Today marks the twelfth installment in a series of articles by HumanProgress.org called Centers of Progress. Where does progress happen? The story of civilization is in many ways the story of the city. It is the city that has helped to create and define the modern world. This bi-weekly column will give a short overview of urban centers that were the sites of pivotal advances in culture, economics, politics, technology, etc.
Our twelfth Center of Progress is Hangzhou in 12th century China, during the late Song Dynasty’s so-called premodern “economic revolution” or period of proto-industrialization. With its innovations in printing and manufacturing, it has been said that the “Song came closer to initiating an industrial revolution than any other premodern state.” The Song dynasty, which spanned from 969 to 1276 AD, was a time of dynamism and invention. Through trade and industry, the Song empire became the richest on Earth. The dynastic capital, Hangzhou, was the wealthiest and most populous city in the world. Song-era China became the first country to print paper money, which is far easier to carry in large amounts than metal coins. Hangzhou served as a money-printing center and a hub of innovation and creativity.
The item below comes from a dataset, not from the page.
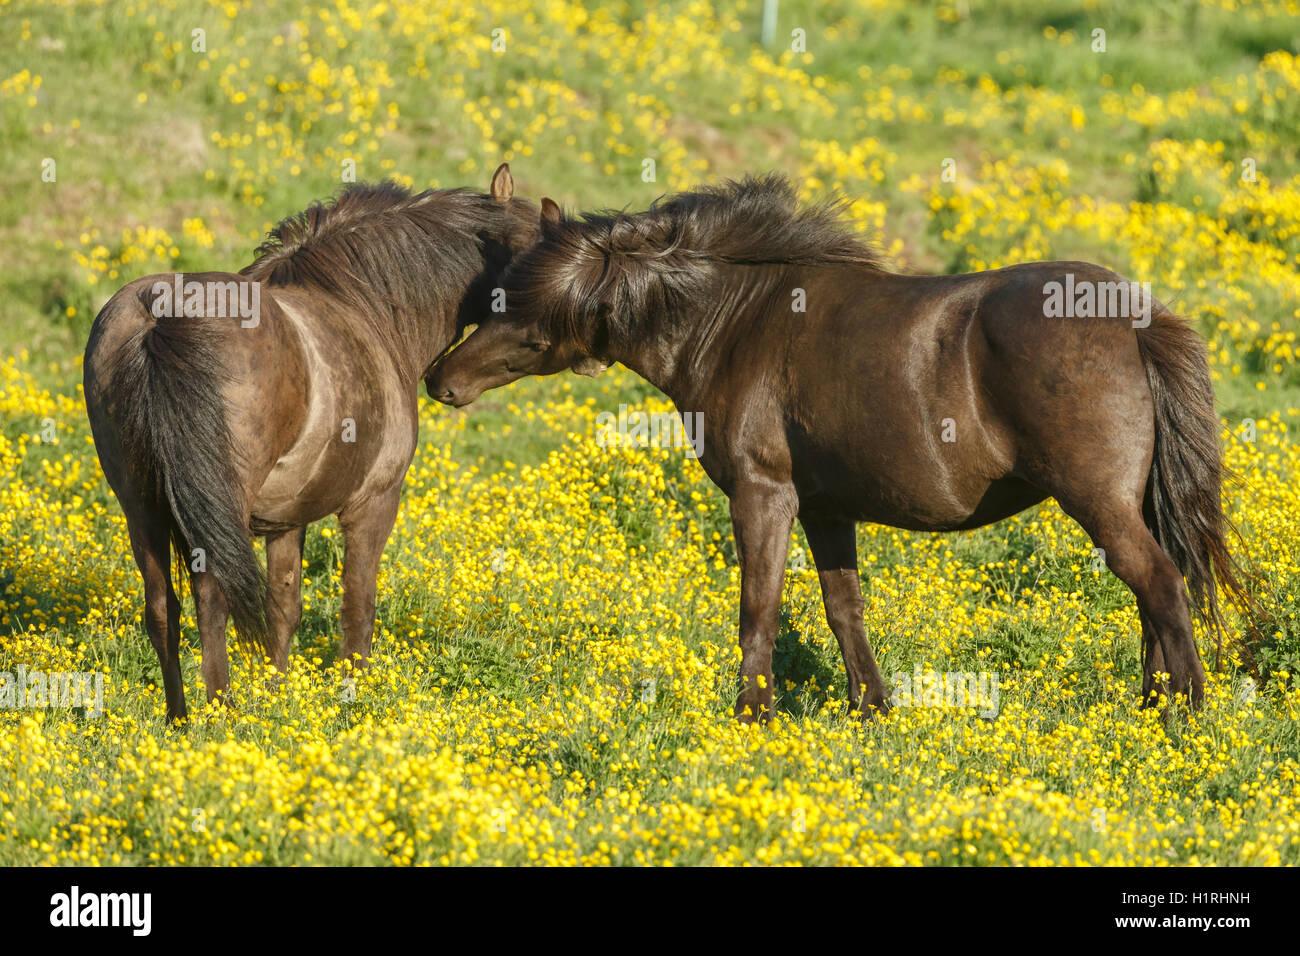 Icelandic horse - Stock Image

During the Song era, the average Chinese person experienced extraordinary growth in their income level as the economy expanded. The economy grew due to new technological and agricultural advances and efficient trade routes that produced a genuinely nationwide market. The era also witnessed a significant increase in international exchange, as Chinese merchants expanded their trade networks as far as East Africa. Growing wealth helped motivate the adoption of paper money, as people found themselves dealing with larger transactions than in the past.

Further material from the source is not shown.